Поболтав с нищими еще немного, я решил взять у них мастер-класс по попрошайничеству, объясняя это своей крайней нуждой и необходимостью заработать хоть каких-то денег на пропитание и выпивку.
– Мы секретов не раскрываем! – сразу сказал Луи и сделал вид, что срочно переместился в царство Морфея.
Я достал из-под своей хламиды здоровую посудину с вином, которую честно заработал, вымыв хозяевам огромные стеклянные витрины в кафе на авеню Виктора Гюго.
– Ладно, валяй поговорим. Только ты смотри, не вздумай работать на нашей территории! – Бомж сразу же поборол дремоту и подобрел. – Мы тут чужих не терпим. В два счета с корешами соберемся и ноги переломаем. Иди лучше сразу в другой квартал.
– Нет-нет. Я и не собираюсь заниматься этим тут. Я в центр пойду.
– Ну, мы тебя предупредили.
Я налил бомжам вина. Оно было откровенно дрянное, похожее на винодельческий брак, называемый «вторяком». Пить невозможно. Но мои знакомые так не считали. Они с жадностью осушили по паре стаканчиков, и разговор пошел.
– Для начала надо картонку изготовить! – с видом знатока сообщил Марсель.
– Что бы мне на ней такое написать, чтобы людей разжалобить? – думал вслух я, наблюдая за реакцией бомжей.
– Пиши «голодаю»! – отрывисто посоветовал мне Луи. – И точка!
– А может, что-то пожалостливее? – настаивал я. – Ну, там «отстал от автобуса», «выгнали из института», «потерял деньги, жить не на что»…
– Не-а, пиши «голодаю!», – похлопав меня по плечу, поддержал коллегу Марсель. – И все сразу станет ясно. Вот, держи фломастер. Только покрупнее пиши.
Я в очередной раз удивился про себя и подумал о разнице русского и французского менталитетов. Мой журналистский опыт подсказывал, что в России такой фокус точно не прошел бы. Голоден? И что такого? В разговорах с российскими нищими я слышал как раз противоположные мнения: чем более закрученная, жалобная и драматическая история у персонажа, тем больше шансов получить милостыню. А если ты просто «голоден», можешь в лучшем случае рассчитывать на кусок хлеба. В России голод не вызывает слишком бурных эмоций сочувствия.
– А язвы у тебя есть? – полюбопытствовал вдруг Луи.
– Язвы? Какие?
– Ну, обычные, на теле. Лишай или струпья?
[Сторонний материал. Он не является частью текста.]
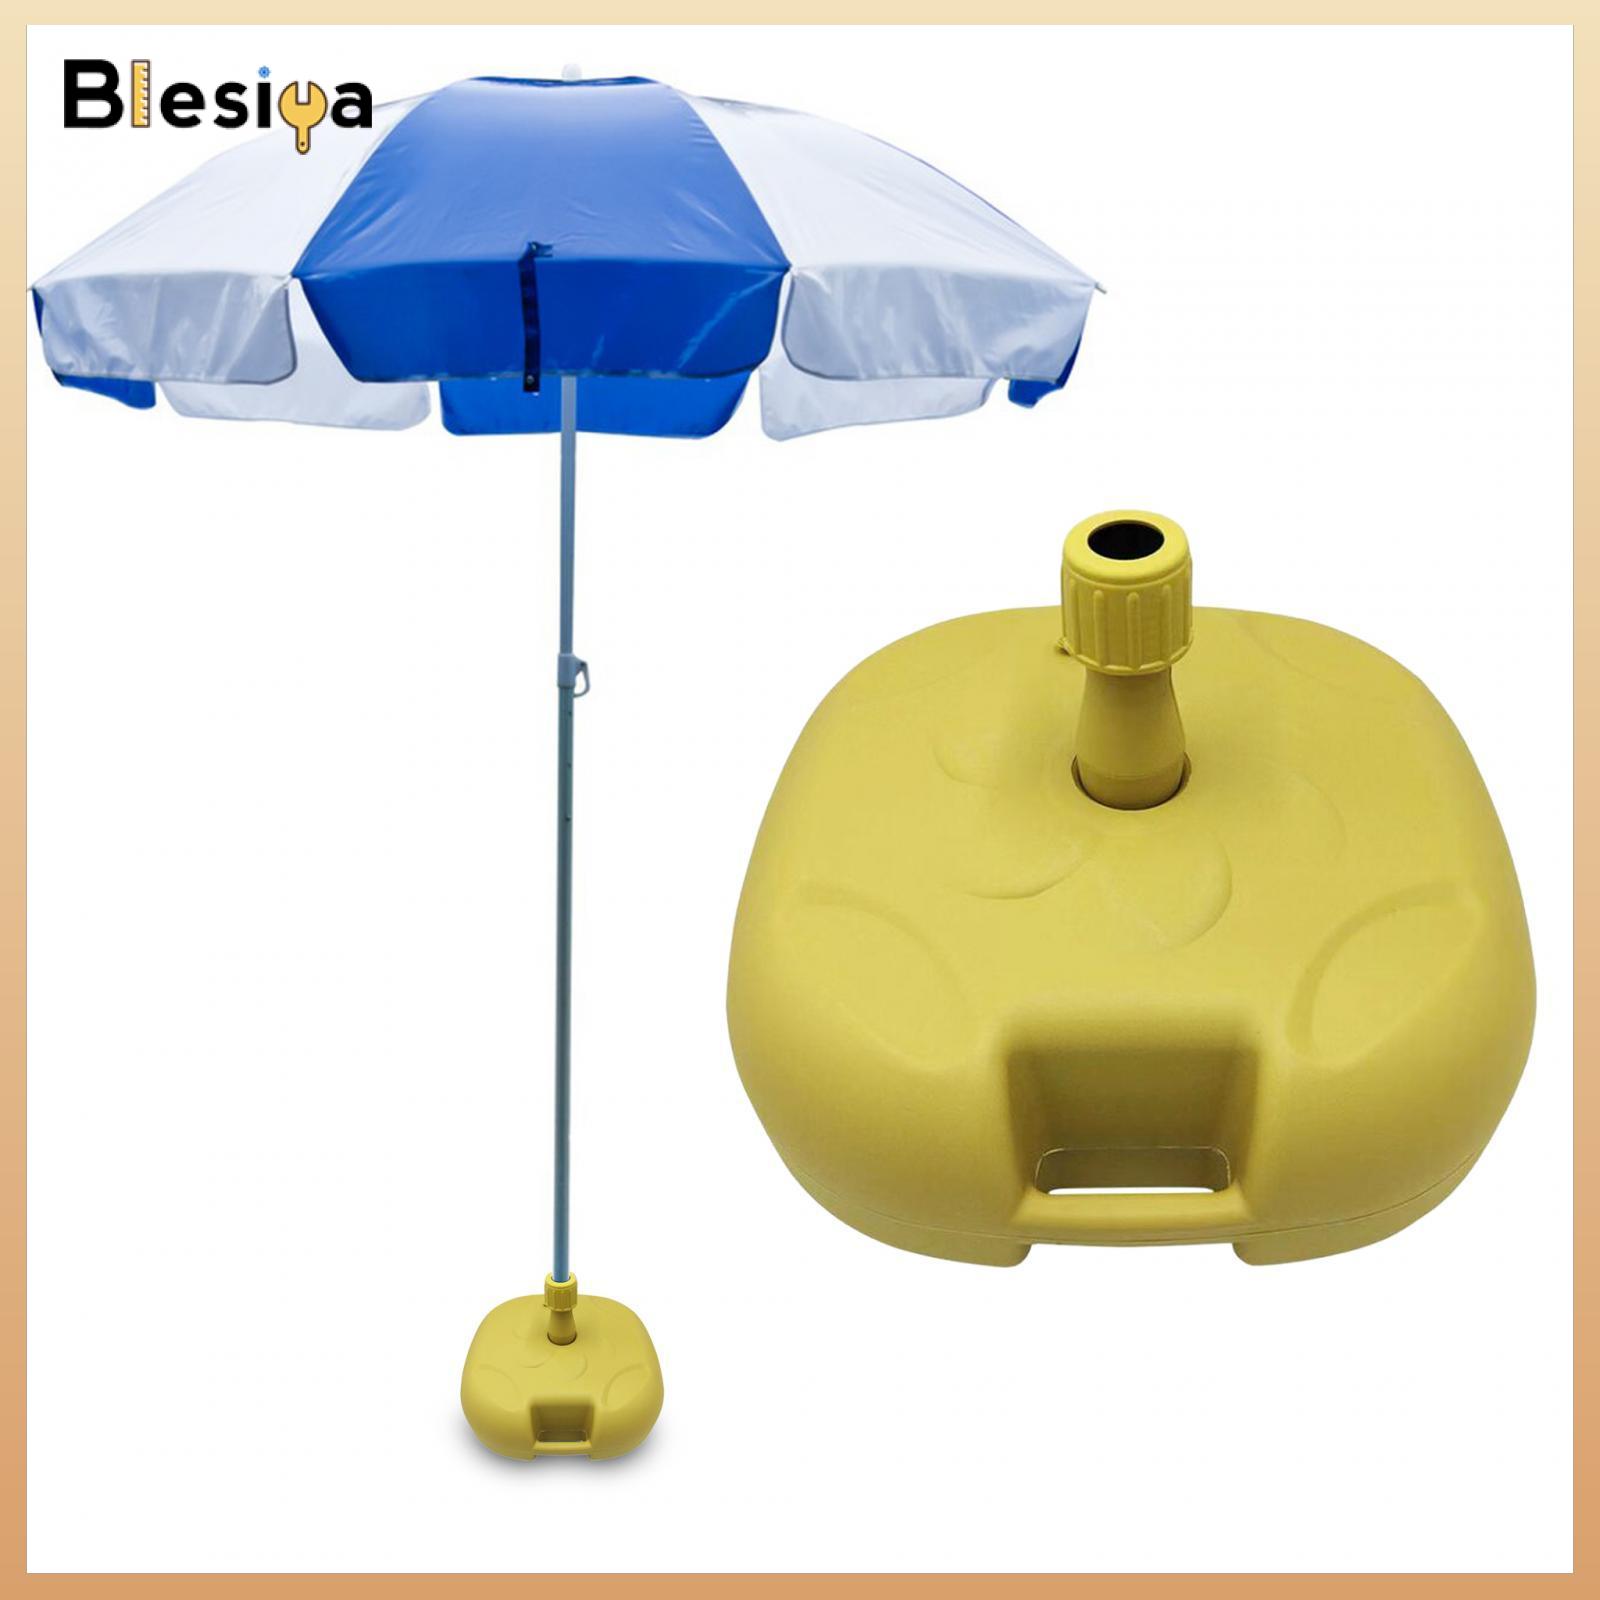 Blesiya Sun Umbrella Base Replacement Parasol Umbrella Stand for Backyard

– Да нет вроде, – поежившись, ответил я. – Пока…
– Жаль! – философски заметил Луи и откинулся на мешок с пожитками. – А то бы дали больше. И можно было бы на фотках заработать. Некоторые туристы любят с уродцами фоткаться, и им за это еще денег подбрасывают.
– А у меня вот есть язвы! – радостно сообщил пьяненький уже Марсель, тряся жидкой кудлатой бороденкой. – Смотри!
Оборванец закатал рукав и продемонстрировал мне разъ еденную болезнью в нескольких местах худую руку. Я снова поежился, но виду не подал. И рассматривать язвы вблизи тоже на всякий случай не стал.
– Может, лучше подлечить? – робко спросил я. – Все-таки кожная инфекция… Заразная!
– Да ты что! – замахали руками одновременно оба нищих. – И это тоже наш хлеб. На улицах, когда меня видят с болезнью, начинают сочувствовать, денег больше дают. Мы со своими болячками сами как парижские язвы. Нас боятся, нас жалеют. Нам платят. Хорошо! Мы же не воруем, а честно живем. Получаем деньги, в том числе за наши болезни…
– У Марселя еще что – ерунда! – сказал Луи. – А вот у Мартина, который на углу с Тюрбиго сидит, вообще мечта: ноги нет, а вторая сухая. Руки все в струпьях. Ему за день дают больше, чем нам обоим!
– Мы и не моемся из принципа, и на всякие там склады бесплатной одежды не ходим. Фигня это все! Настоящий бездомный должен зарабатывать милостыней, ходить в обносках и не лечить болячки, потому что ему все это на фиг не надо. Вот ты пришел, принес нам вина, уважил. Поговорили душевно. Все хорошо!
Я оставил Марселя и Луи допивать вино, так как оставаться с ними на ночлег не рискнул. Когда я улегся наконец на лавочке в глубине одной из улиц, то подумал, что вот тут и в России, и во Франции все похоже: нищие холят и лелеют свои увечья в надежде заработать на чувстве жалости больше у сердобольных горожан.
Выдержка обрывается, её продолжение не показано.